Darüber hinaus machte ich selbst Videoaufnahmen von meinem Laufstil und entdeckte, dass ich sehr stark über die Ferse abrollte, was zu enormen Erschütterungen meiner Lendenwirbelsäule führte. Diese Selbstanalyse war für mich die wichtigste Maßnahme von allen. Ich versuchte, meinen Laufstil zu ändern, indem ich mehr über den Vor- und Mittelfuß abrollte. So hatte ich den Erstkontakt zum Boden nicht mehr mit der Ferse, wie es eigentlich Usus im Langstreckenbereich ist, sondern über den Mittelfuß. Sofort bemerkte ich, dass nun meine Fuß- und Wadenmuskulatur als erster Stoßdämpfer fungierte und meine Lendenwirbelsäule und Rückenmuskulatur diese Rolle nicht mehr alleine übernehmen musste. Die Summe aller dieser Maßnahmen brachte eine sofortige Entlastung und ich konnte sogar rasch wieder schmerzfrei trainieren. Das Kapitel Bandscheibenoperation legte ich damit endgültig beiseite.

Schon drei Wochen nach meinem Brasilienaufenthalt und dem abgebrochenen Finish, fand ein weiterer Wettkampf über die Ironman-Distanz in Dresden statt. Ich wollte meine gute Form nutzen und meldete mich an. Zwar war ich nicht sicher, ob ich die neue Lauftechnik schon über einen kompletten Marathon durchhalten würde, aber ich wollte es versuchen und trat hoch motiviert in Dresden an.

In Dresden kam ich mit neuer Schwimmbestzeit aus dem Wasser und hielt mich beim Radfahren bewusst zurück, um meine Laufstärke im Marathon voll entfalten zu können. Ich ging mit einem Rückstand von 20 Minuten auf den Führenden als Vierter vom Rad.
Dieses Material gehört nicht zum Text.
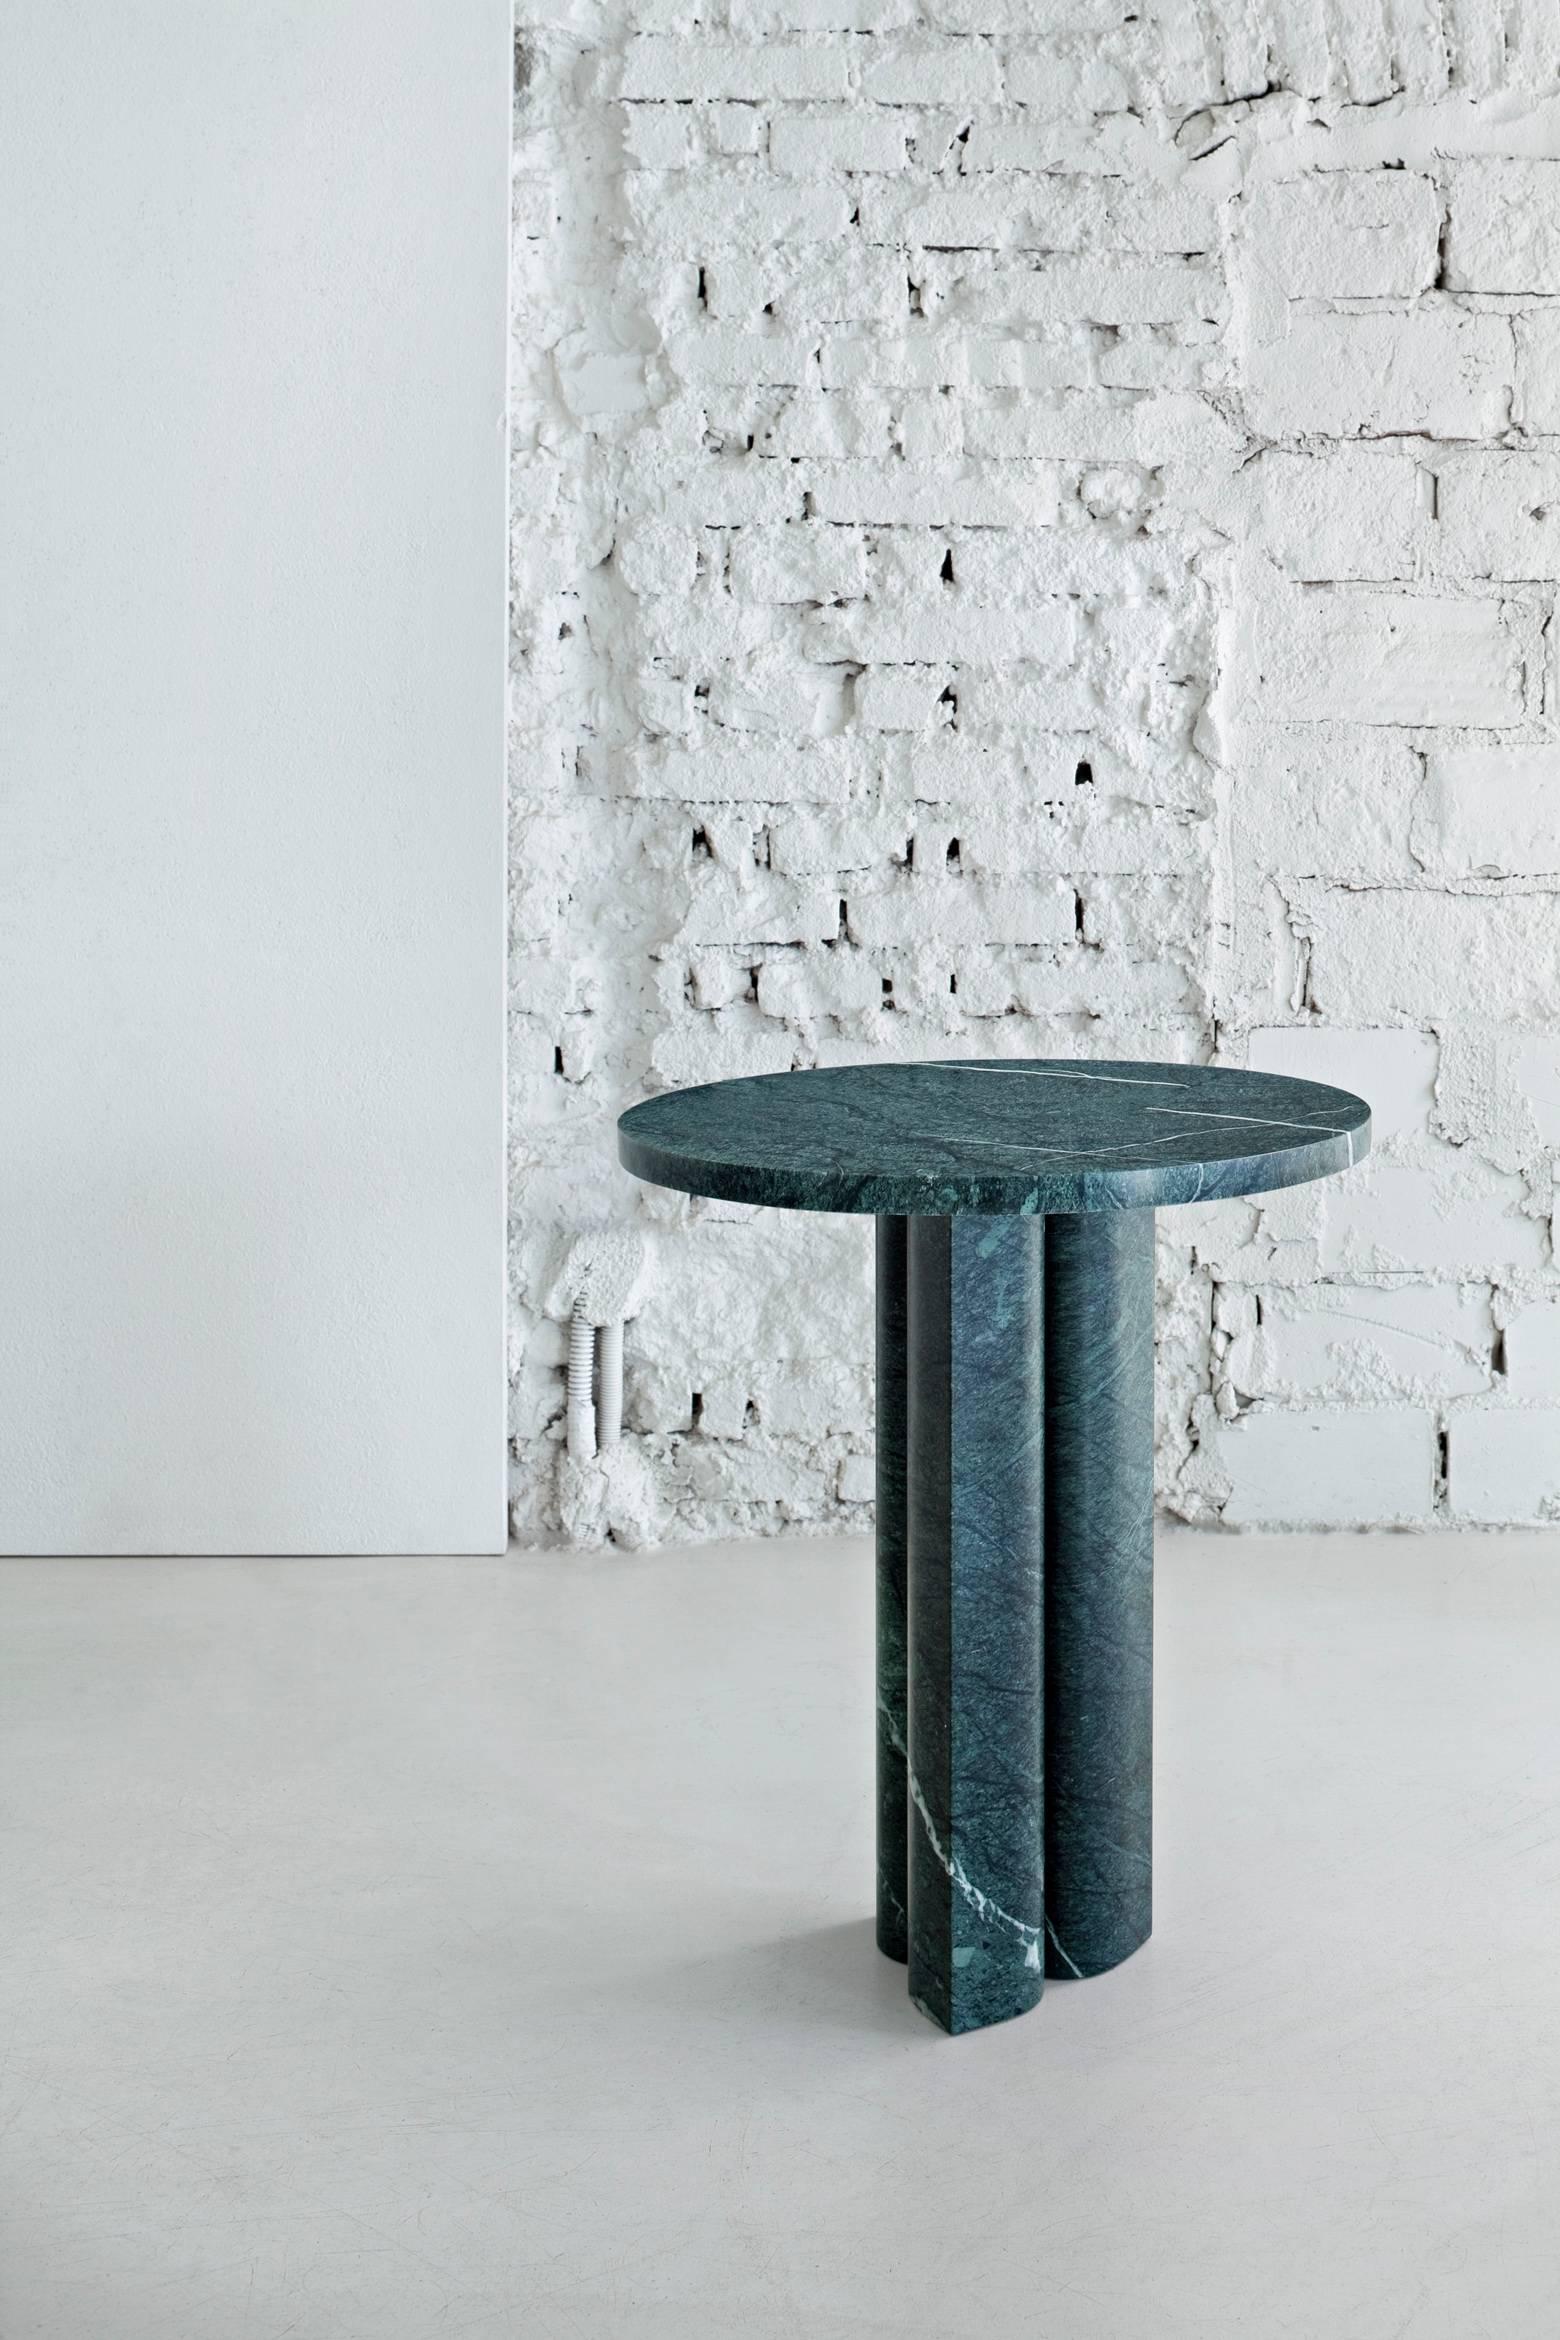 The stone is the star of the show in these tables which were designed by Michael Anastassiades with the specific intention of highlighting the opulence of the marbles chosen for his collection ‘Love Me, Love Me Not’.

Instead of the highly polished

Als dieser führende Athlet mich aber auf der Radstrecke überholt hatte, erkannte ich sofort, dass er kein wirklicher Läufertyp war und ging zuversichtlich auf die Laufstrecke. Auf den ersten zehn Kilometern hörte ich in mich hinein und stellte fest, dass mein neuer Laufstil durchzuhalten war und meinen Rücken, wie erhofft, entlastete. Minute um Minute konnte ich aufholen und war bei Kilometer 30 schließlich vorne. Ich war mir sehr sicher, dass ich das Tempo durchhalten und den Wettkampf gewinnen konnte – und so geschah es auch. Nur zwei Wochen nach dem Brasiliendebakel und nur eineinhalb Wochen nach der ärztlichen Empfehlung zur Bandscheibenoperation, konnte ich meinen ersten Ironman-Wettkampf gewinnen.

Obwohl ich anschließend psychisch und physisch ziemlich ausgepowert war, beschloss ich wenige Wochen später, beim neu entstandenen Ironman in Frankfurt an den Start zu gehen. Die Regenerationszeit war mit fünf Wochen zwar deutlich zu kurz, aber der Reiz des Wettkampfes, der zum Teil über meine Trainingsstrecken in der Wetterau führte, war einfach zu groß. Demzufolge erlag ich dem Reiz und ging an den Start. Durch den Erfolg in Dresden hatte ich genügend Selbstvertrauen getankt, war zwar nicht vollständig erholt, aber durch die vielen bekannten Gesichter an der Frankfurter Strecke hoch motiviert. In allen Disziplinen gelang mir ein konstantes Rennen, sodass ich mit Platz sieben in der Gesamtwertung ein erfolgreiches Finish hinlegen und zusätzlich ein, in Brasilien noch verpasstes, Preisgeld gewinnen konnte.